The safe harbor provided by Section 546(e) bars actions by the trustee but does not, by its terms, bar actions by other plaintiffs. The Second Circuit in Note Holders v. Large Private Beneficial Owners (In re Tribune Co.), 818, F.3d 98 (2d Cir. 2016) reversed the U.S. District Court for the Southern District of New York and held that state law constructive fraudulent transfer laws were preempted by Section 546(e). The Second Circuit reasoned that “[o]nce a party enters bankruptcy, the Bankruptcy Code constitutes a wholesale preemption of state laws regarding creditor’s rights.” The Second Circuit rejected the appellants’ argument that if the trustee fails to bring a constructive fraudulent transfer claim, the claim reverts back to the individual creditors.
Stating that the authority in Tribune was not binding on him, Judge Kevin Gross for the U.S. Bankruptcy Court for the District of Delaware held that the safe harbor only bars trustees from suing, not creditors from asserting their own claims. In PAH Litig. Tr. v. Water St. Healthcare Partners LP (In re Physiotherapy Holdings Inc.), 2016 WL 3611831 (Bankr. D. Del. June 20, 2016), the debtor was a provider of healthcare services at 650 locations in 33 different states. After a 2007 merger, the debtor’s finances deteriorated significantly, and by 2009, the debtor’s controlling shareholders decided to sell the company. As a result of a change in the debtor’s revenue recognition methods, shares of the company were grossly overvalued at the time it was sold pursuant to a leverage buyout in 2009. Eventually the debtor defaulted and filed Chapter 11.
After the petition was filed, the state law fraudulent transfer claims against the controlling shareholders were transferred to a litigation trust, which ultimately filed a fraudulent transfer action against the former shareholders to avoid the transfers received in the LBO. Judge Gross found that Section 546(e) did not eliminate a creditor’s right to bring a state constructive fraudulent transfer claim in all cases. Specifically, the court determined that a finding of implied preemption was inappropriate when three factors were present: (1) the transaction sought to be avoided poses no threat of “ripple effects” in the relevant securities markets; (2) the transferees received payment for non-public securities; and (3) the transferees were corporate insiders that allegedly acted in bad faith.

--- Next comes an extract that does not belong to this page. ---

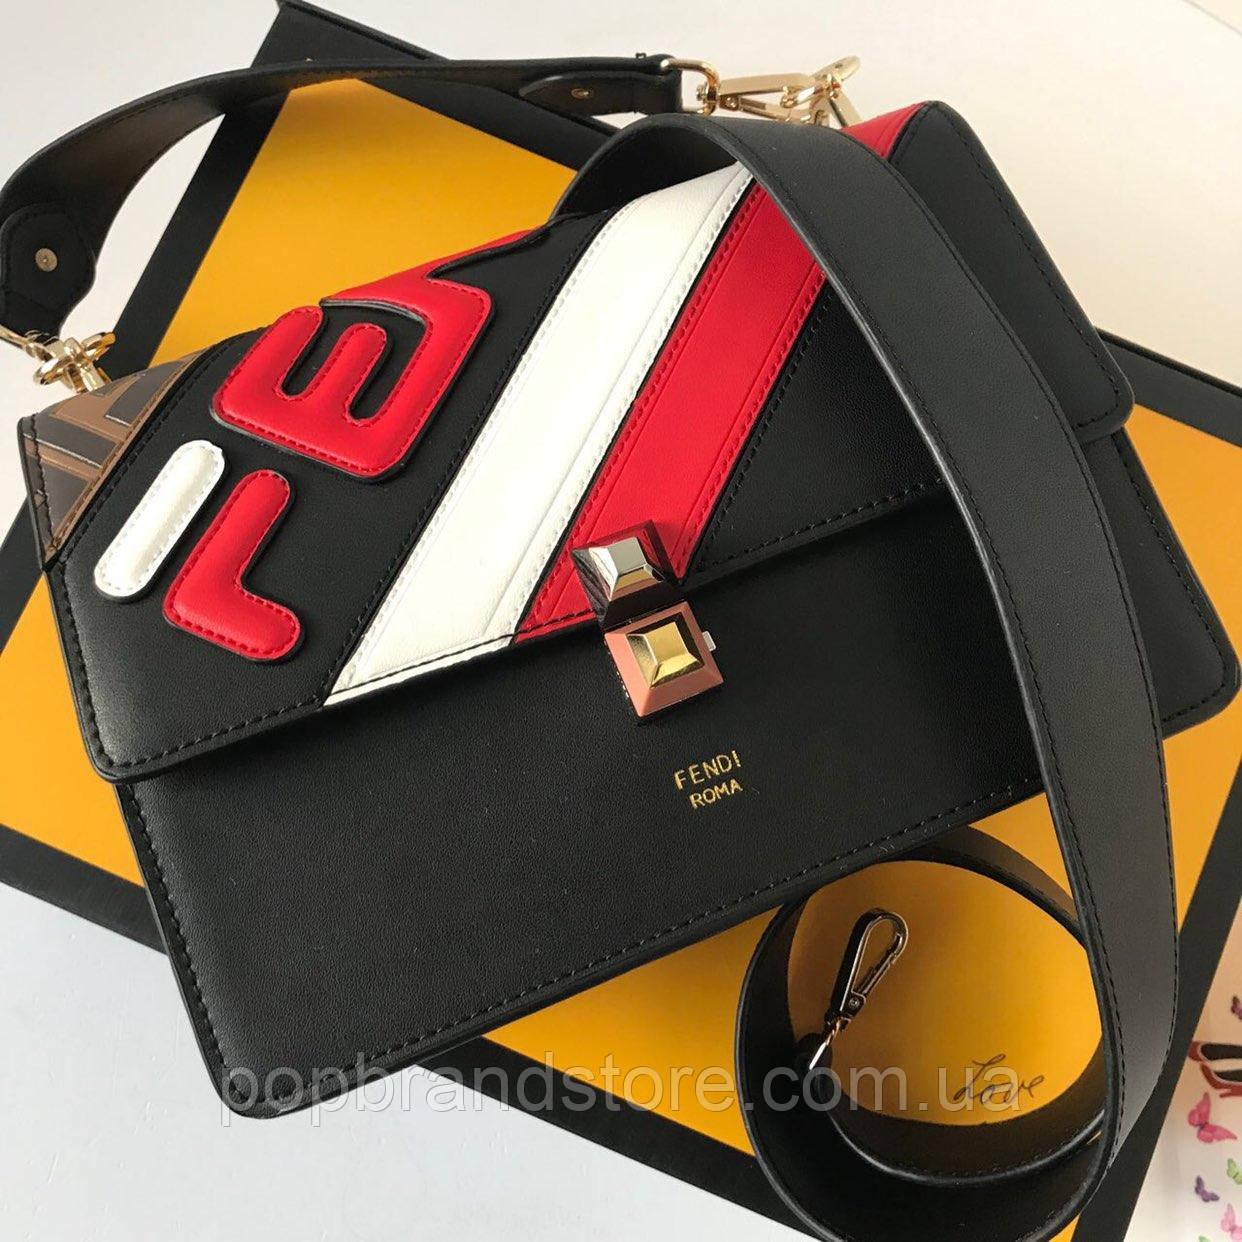 e7505e7be772 Модная сумочка FENDI Kan I (реплика) - Pop Brand Store | брендовые сумки,

Judge Stark ultimately agreed with Judge Gross’s reasoning in Physiotherapy, stating in the process that Judge Gross had founded his opinion on “well-established Third Circuit and Supreme Court law.” In denying an interlocutory and direct appeal, Judge Stark remarked that the “bankruptcy court’s reading of the safe harbor is supported by the plain language of the statute, and its careful analysis followed controlling Third Circuit and Supreme Court precedent.” By almost outright saying that the Second Circuit was wrong about federal preemption of state fraudulent transfer law, Judge Stark teed up what might become a contentious circuit split headed straight for the U.S. Supreme Court.